Recently, for example, I saw a consultant’s
report comparing the cost structure of a major U.S. electronics components
producer with its Japanese competitor. The Japanese company had spent more money
and a higher percentage of sales in just two areas—R&D and quality. In
return, it got fewer rejects, better products, more market share, and higher
earnings per share. Guess who changed his views—five years too late—about where
his company stood and what was required to regain market leadership?
Today you cannot write about strategy without
talking about giving customers better value than your competitors do. Yet
talking about the concept and making it live are two different things.
Outstanding GMs seem to be personally committed to serving customers better and
to producing better performing products. Instead of just looking inward, they
get their competitive information first-hand by talking to knowledgeable
customers and distributors. And that knowledge gives them the conviction they
need to make things happen and gain a competitive edge.
Recognizing that lasting competitive edges are
hard to generate, the best GMs build on existing strengths while searching out
new sources of advantage. First, they improve sales and profits of their
strongest products, in their strongest markets, with their strongest
distributors. Then they use the resulting faster payoffs to help fund the
search for future edges. In the 1970s, for example, Pepsi concentrated on its heartland
markets, grocery chains, and new large packages—all Pepsi strengths. By
contrast, in the 1960s, Pepsi spent so much of its money and effort trying to
prop up weaker markets, products, and channels that it lacked the resources to
go all out in stronger areas. Worse, its managers were convinced it was easier
to build a 5% market share to 10% than to grow 30% to 35%.

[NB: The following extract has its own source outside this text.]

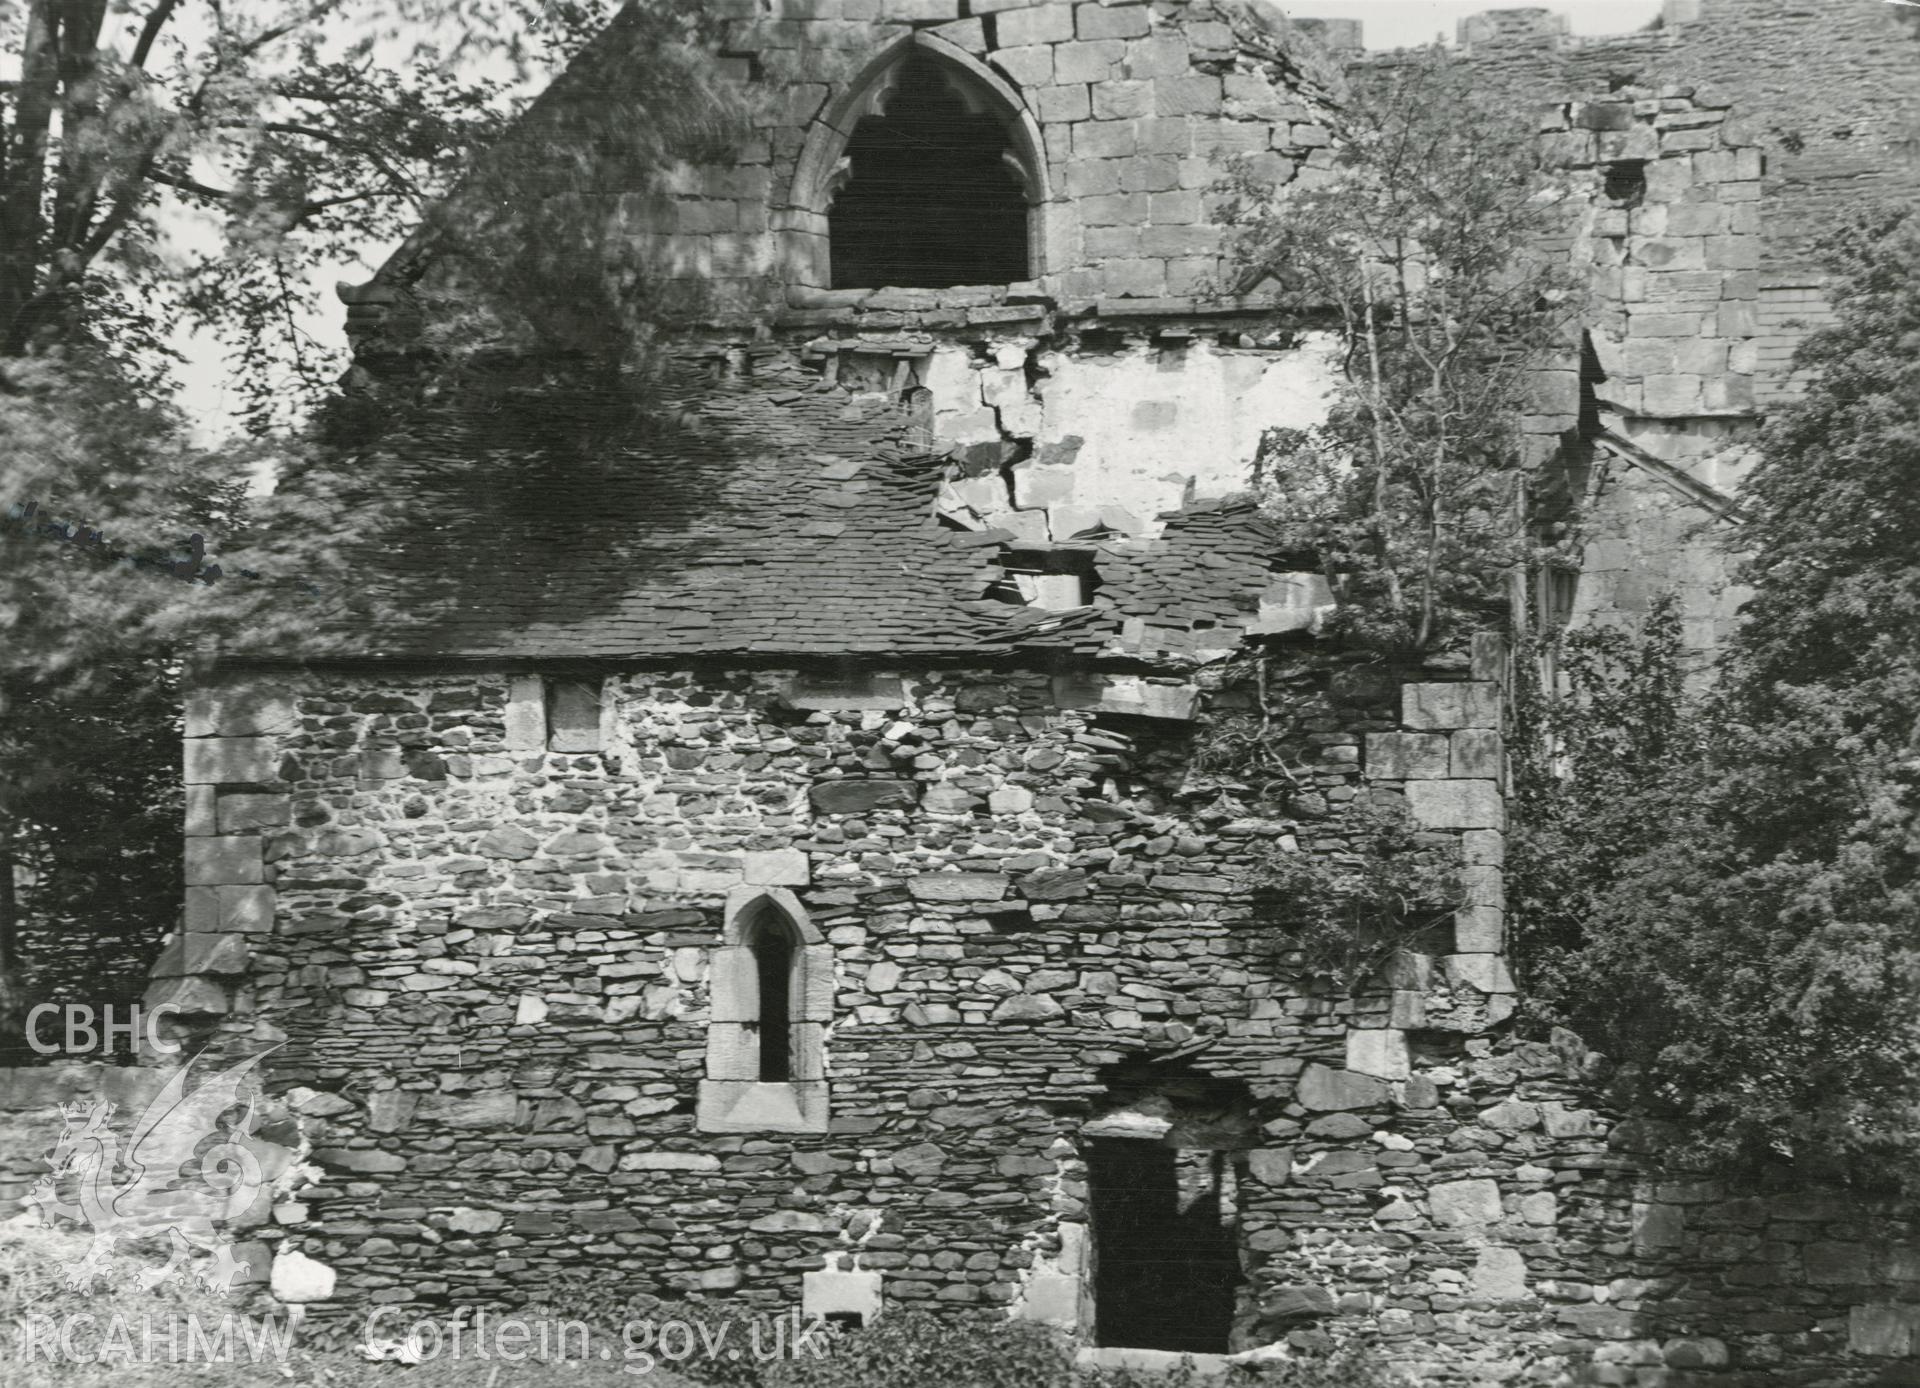 Digitised copy of a black and white photograph - close-up view of Valle Crucis Abbey showing rear from the south, taken by Shirley Jones, 1948.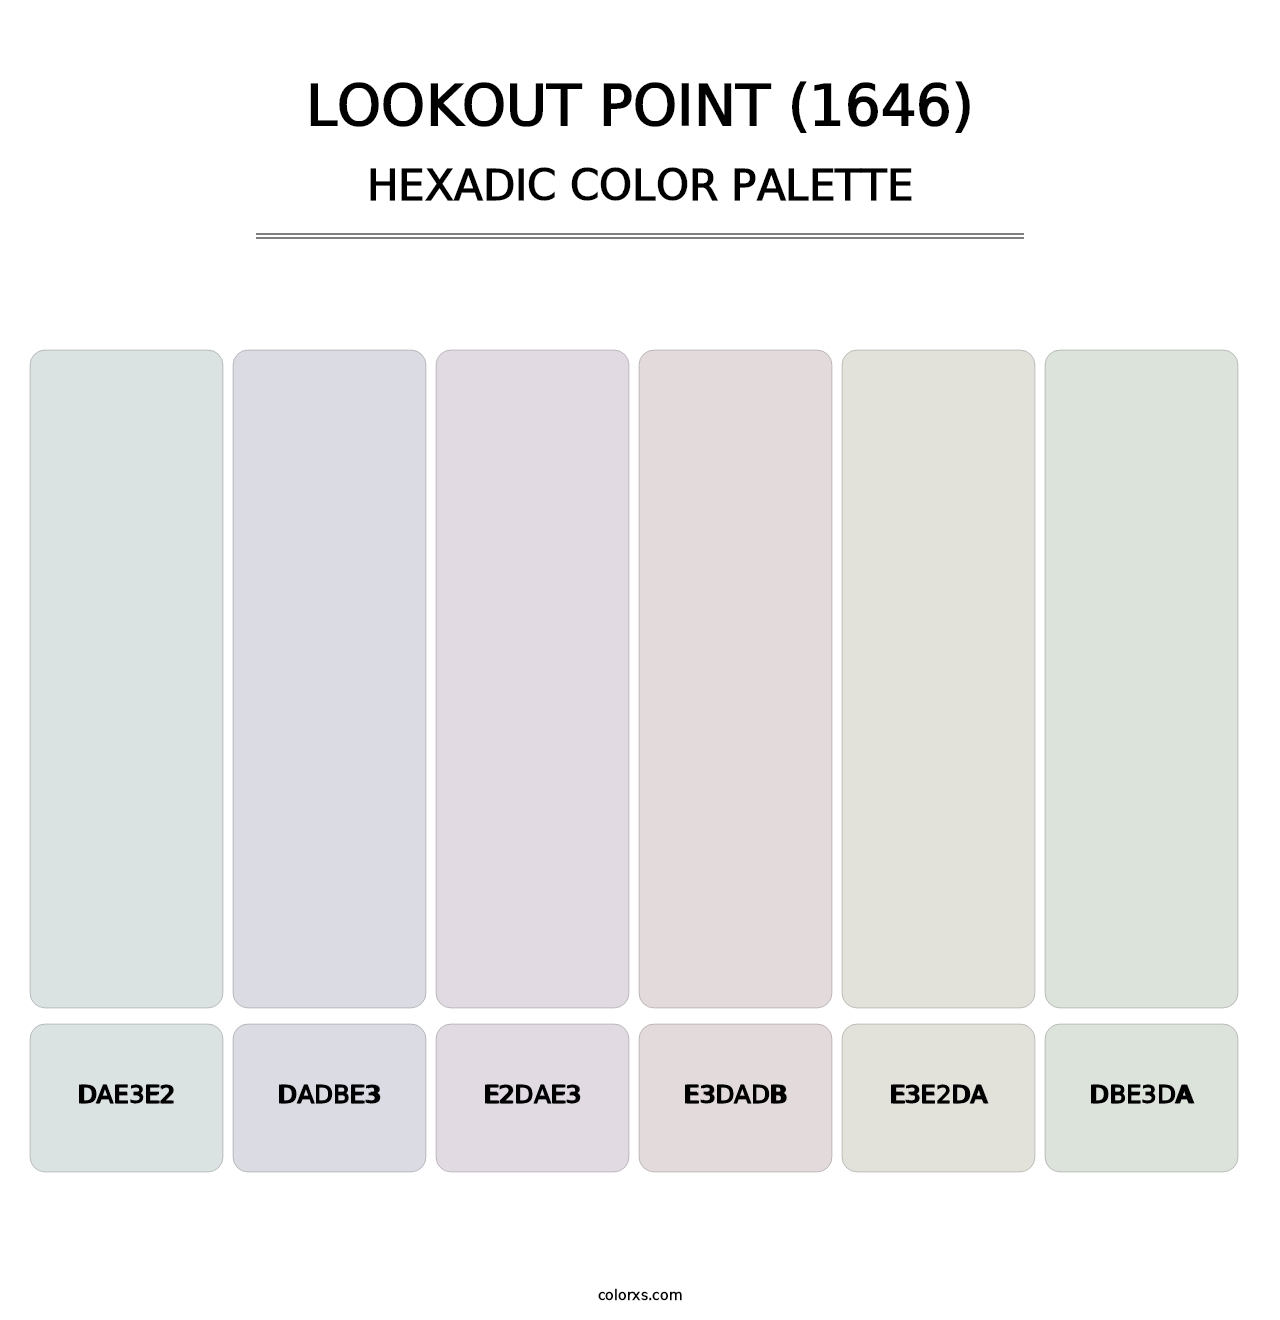 Lookout Point (1646) - Hexadic Color Palette

Actually, it was the other way round, just as it is for most companies.
Moreover, building on strength keeps competitors so busy responding to your
initiatives that they have less time to launch their own.
Finally, the best GMs expect their competition
to retaliate to any strategic move that works, and they plan for the worst-case
response. They also get out of games they cannot win. For years, for example,
Heinz prided itself on introducing more new soups than Campbell did. Then its
managers discovered they were playing Campbell’s game, not their own, since
Campbell would routinely copy their new product and use its superior brand
acceptance and distribution muscle to overwhelm them at the point of sale.
Consequently, Heinz shifted its focus from “beating Campbell” to making money
in soup; it cut costs and concentrated on the low-price niche that didn’t
interest Campbell.
Marshaling
Resources
All general managers say they allocate
resources to support competitive strategies, keep the company economically
healthy, and produce high returns. Yet if you analyze the way the process works
in most companies, you find excessive support for marginal businesses, low
payout projects, and operating necessities. In short, no strategic focus.
The best GMs concentrate more resources on
situations that provide the opportunity to gain an important competitive edge,
or at least improve on one they already enjoy. Long before restructuring came
into vogue, they were prepared to shift emphasis to get more bounce for their
bucks. That’s what one new GM did when he took over Frito-Lay in the late
1970s. At the time, the company was building new potato chip plants every year
to gain market share in the low-return business. Instead of continuing his
predecessor’s practice or scaling back on his big potato chip business (as the
financial vice president recommended), this GM invested a small fraction of his
resources in process and productivity improvements that raised the margin on
chips. Once that investment began to pay off, he resumed new plant
construction, but at a much improved ROI.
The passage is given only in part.